What does everybody here burn their wood in? I have a twenty year old Lopi woodstove that sees 18 face cord a year. Stove is in great shape and my furnace does not run all winter. The stove came from the house I grew up in. We put it in when I was eight years old, real cool to have it in the house I built.


----------



## Scootermsp (Dec 27, 2009)

jimdad07 said:


> What does everybody here burn their wood in?

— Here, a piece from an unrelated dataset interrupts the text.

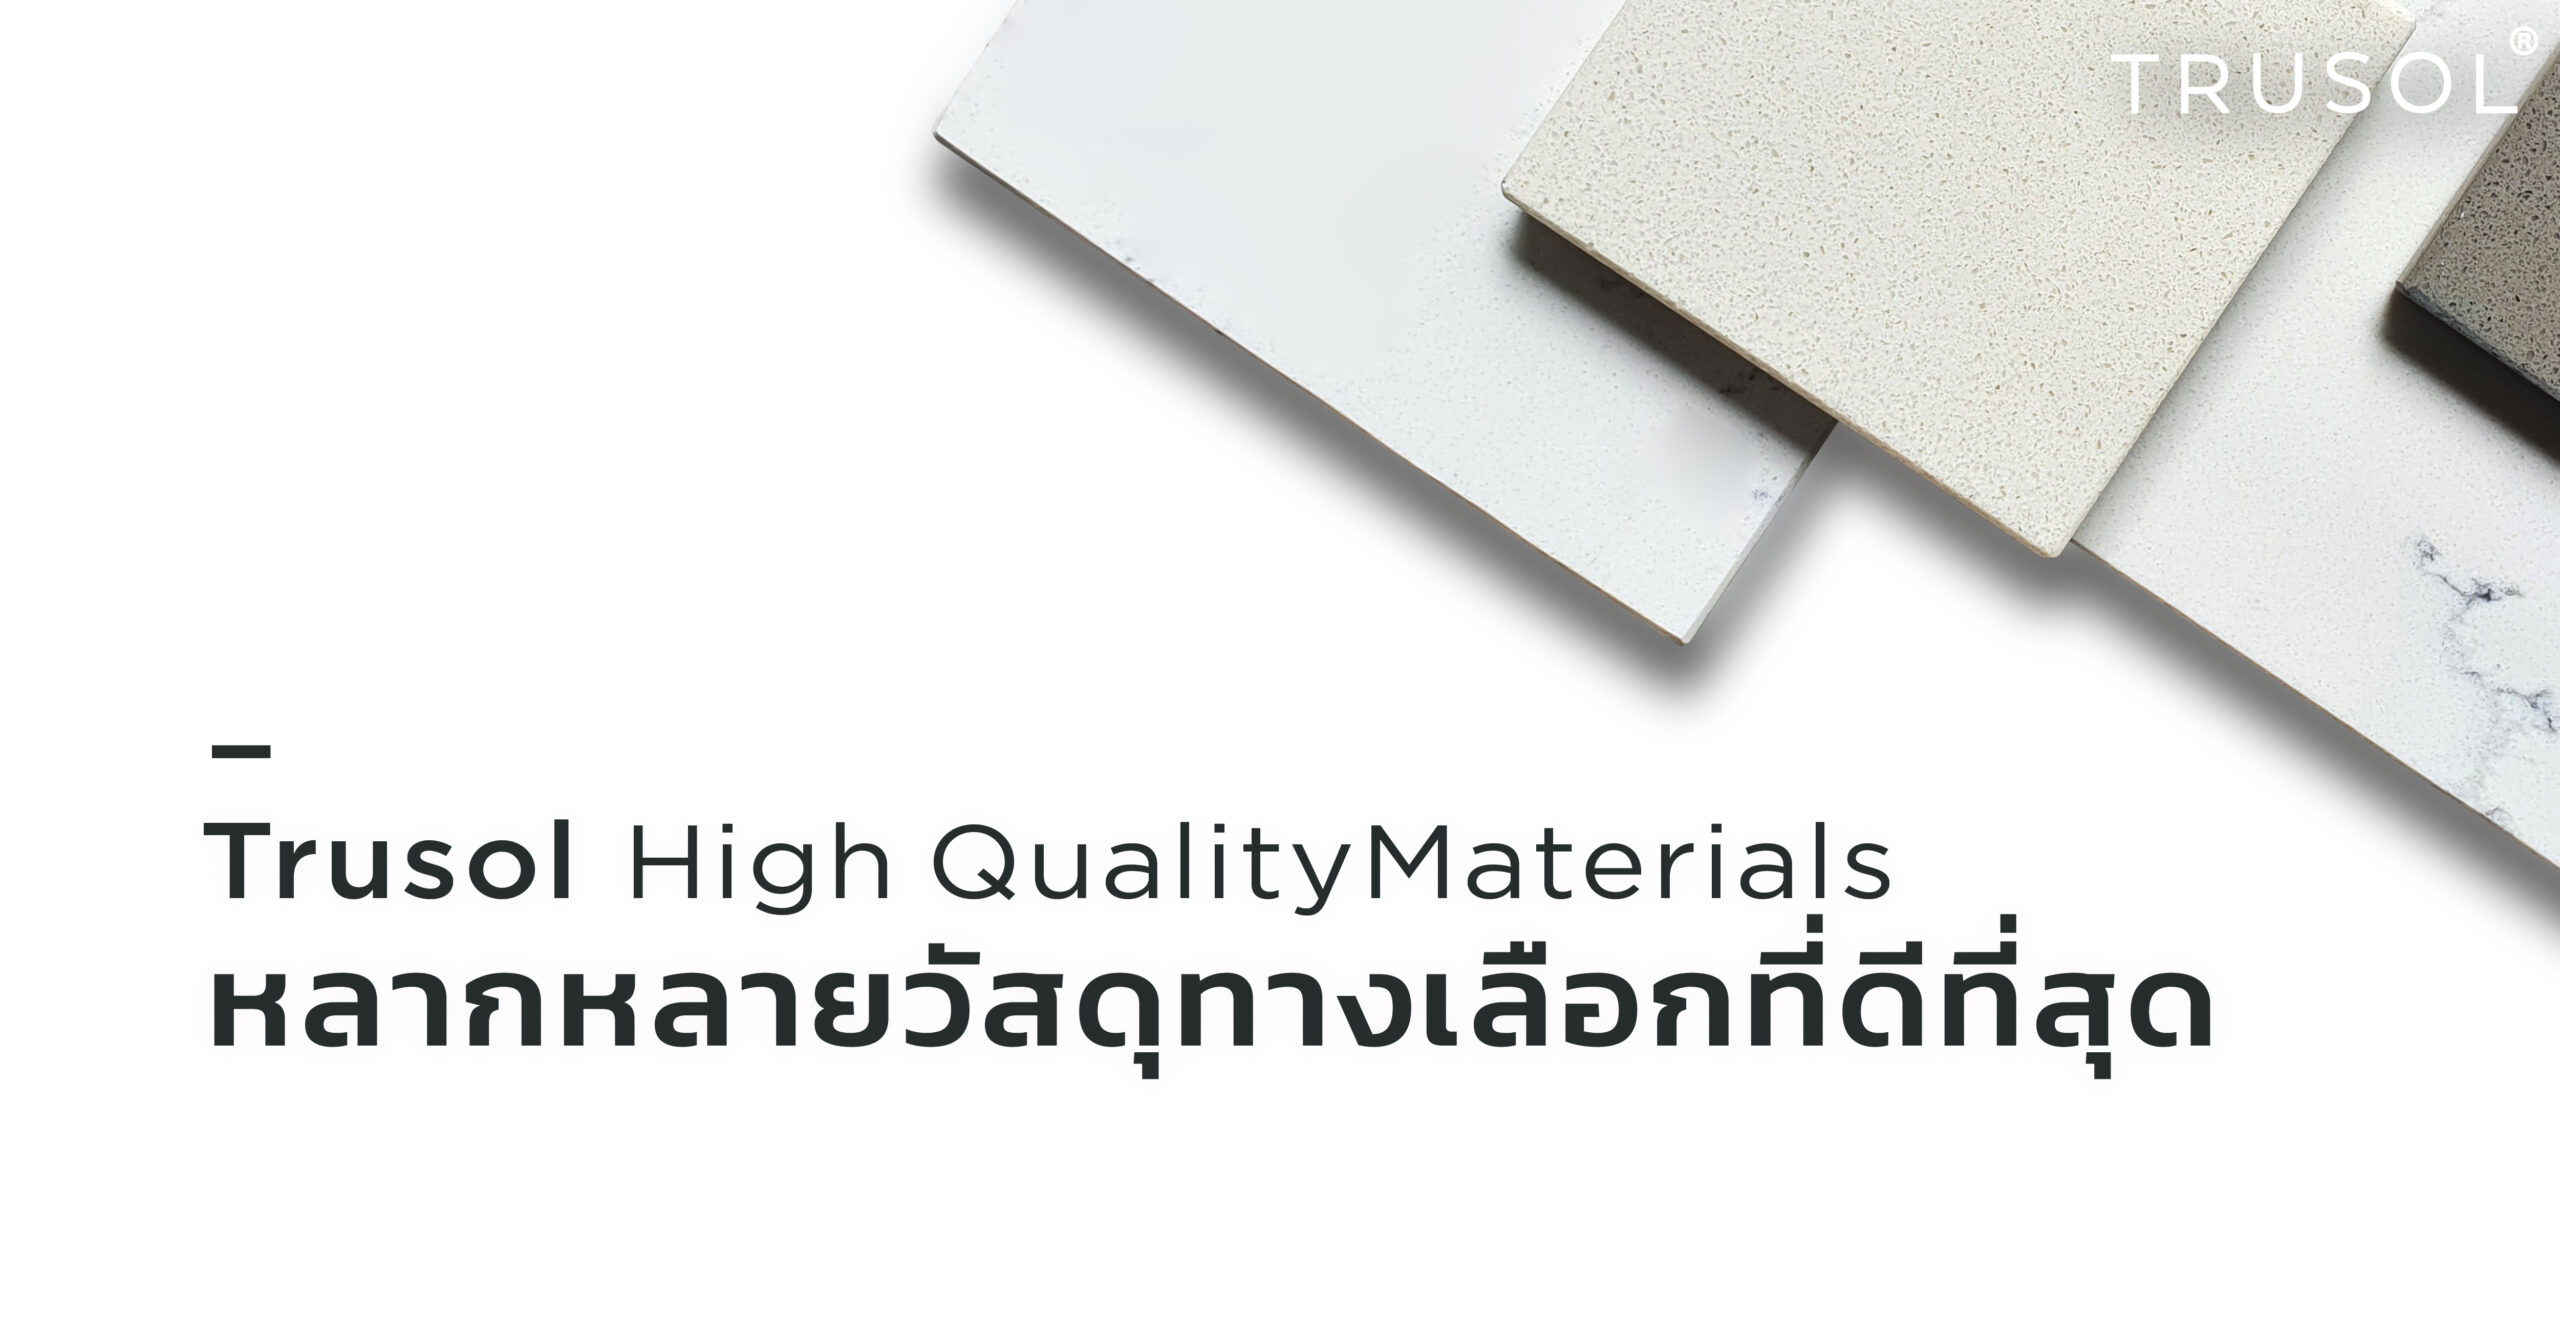 Trusol High Quality Materials หลากหลายวัสดุทางเลือกที่ดีที่สุด เพื่อให้เหมาะกับความต้องการ

I burn my wood in a State with a Communist mentality and an overly oppressive taxation policy.


----------



## jjett84724 (Dec 27, 2009)

Heritage stove here. We burn 4-6 cords of wood. When I built the house, we put an air intake above the wood burning stove. If I need heat to the back corner of the house, I just turn on the furnace fan for a few minutes, and presto, it's heated.


----------



## BlueRidgeMark (Dec 27, 2009)

jimdad07 said:


> The stove came from the house I grew up in. We put it in when I was eight years old, real cool to have it in the house I built.





That is cool. Nice to have some continuity of tradition in the family. Tell the story to your children so they learn to appreciate it. 

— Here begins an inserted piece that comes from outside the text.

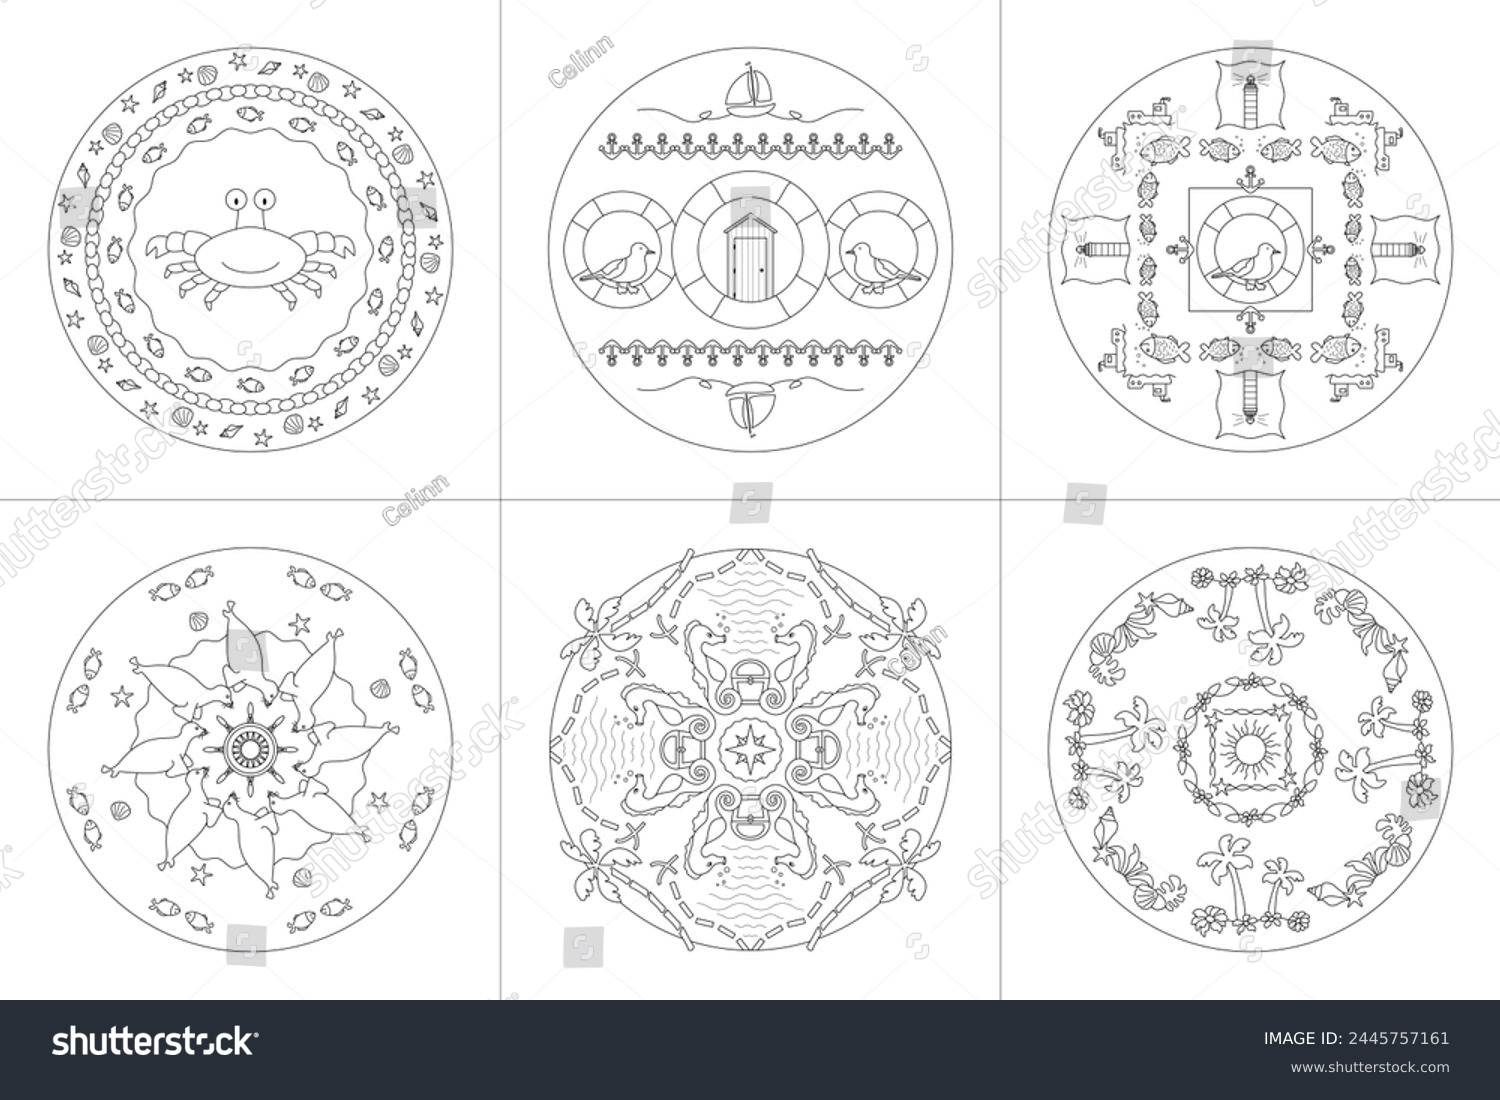 SVG of Mandalas. Sea Theme. Coloring pages. Vector illustration. Set No. 4.  svg

I've got an old Fisher Grandpa Bear. Just tried top down burning in it last night, and I'm right at 12 hours and still PLENTY of coals. I can probably go another hour or two before I need to add wood. And last night's load was mostly ash and maple, with a few chunks of oak here and there. 


Love that Jotul, Dan! One of these days, I hope to build a house for my family, and I see one of those starring in a family room setting.


----------



## OhioGregg (Dec 27, 2009)

We heat with this old beauty Its a Glenwood Stoves model 850, made by Penn Manufacturing Co. Don't know how old it is, can't find anything on the web about em. About 10 years ago I stoped using it, was concerned about the old unlined brick chimney. This spring, put in a 8" SS flex liner, and decided to use it again. Had to replace the damper motor, but she still does an excellent job heating the place. Kinda nice to have the propane furnace sitting there idle..












Gregg,


----------



## Uncle John (Dec 27, 2009)

Heatmor OWB, 3rd year


----------



## Rickochet (Dec 27, 2009)

Napoleon 1900. We have been real happy with it so far. It is our second winter with it and it is so much easier on the wood consumption than our old Fisher wood hawg!


----------



## logbutcher (Dec 27, 2009)

1. Jotul Oslo (house)

2. VC Encore cat (house)

3. Tempwood (shop)

4. Snorkel (hot tub)


----------



## jimdad07 (Dec 27, 2009)

logbutcher said:


> 1. Jotul Oslo (house)
> 
> 2. VC Encore cat (house)
> 
> ...



Do you have some posts on youtube showing you cutting with a Dolmar? If so, your videos are part of the reason I am buying one. Good videos!


----------



## jimdad07 (Dec 27, 2009)

BlueRidgeMark said:


> That is cool. Nice to have some continuity of tradition in the family. Tell the story to your children so they learn to appreciate it.
> 
> 
> 
> ...



Those old Fishers are top of the line, something about them that makes it feel like home. Same with the old Timberlines.


----------



## Schinny (Dec 27, 2009)

Heatmor, 10th year


----------



## SINGLE-JACK (Dec 27, 2009)

jimdad07 said:


> *What does everybody here burn their wood in? * I have a twenty year old Lopi woodstove that sees 18 face cord a year. Stove is in great shape and my furnace does not run all winter. The stove came from the house I grew up in. We put it in when I was eight years old, real cool to have it in the house I built.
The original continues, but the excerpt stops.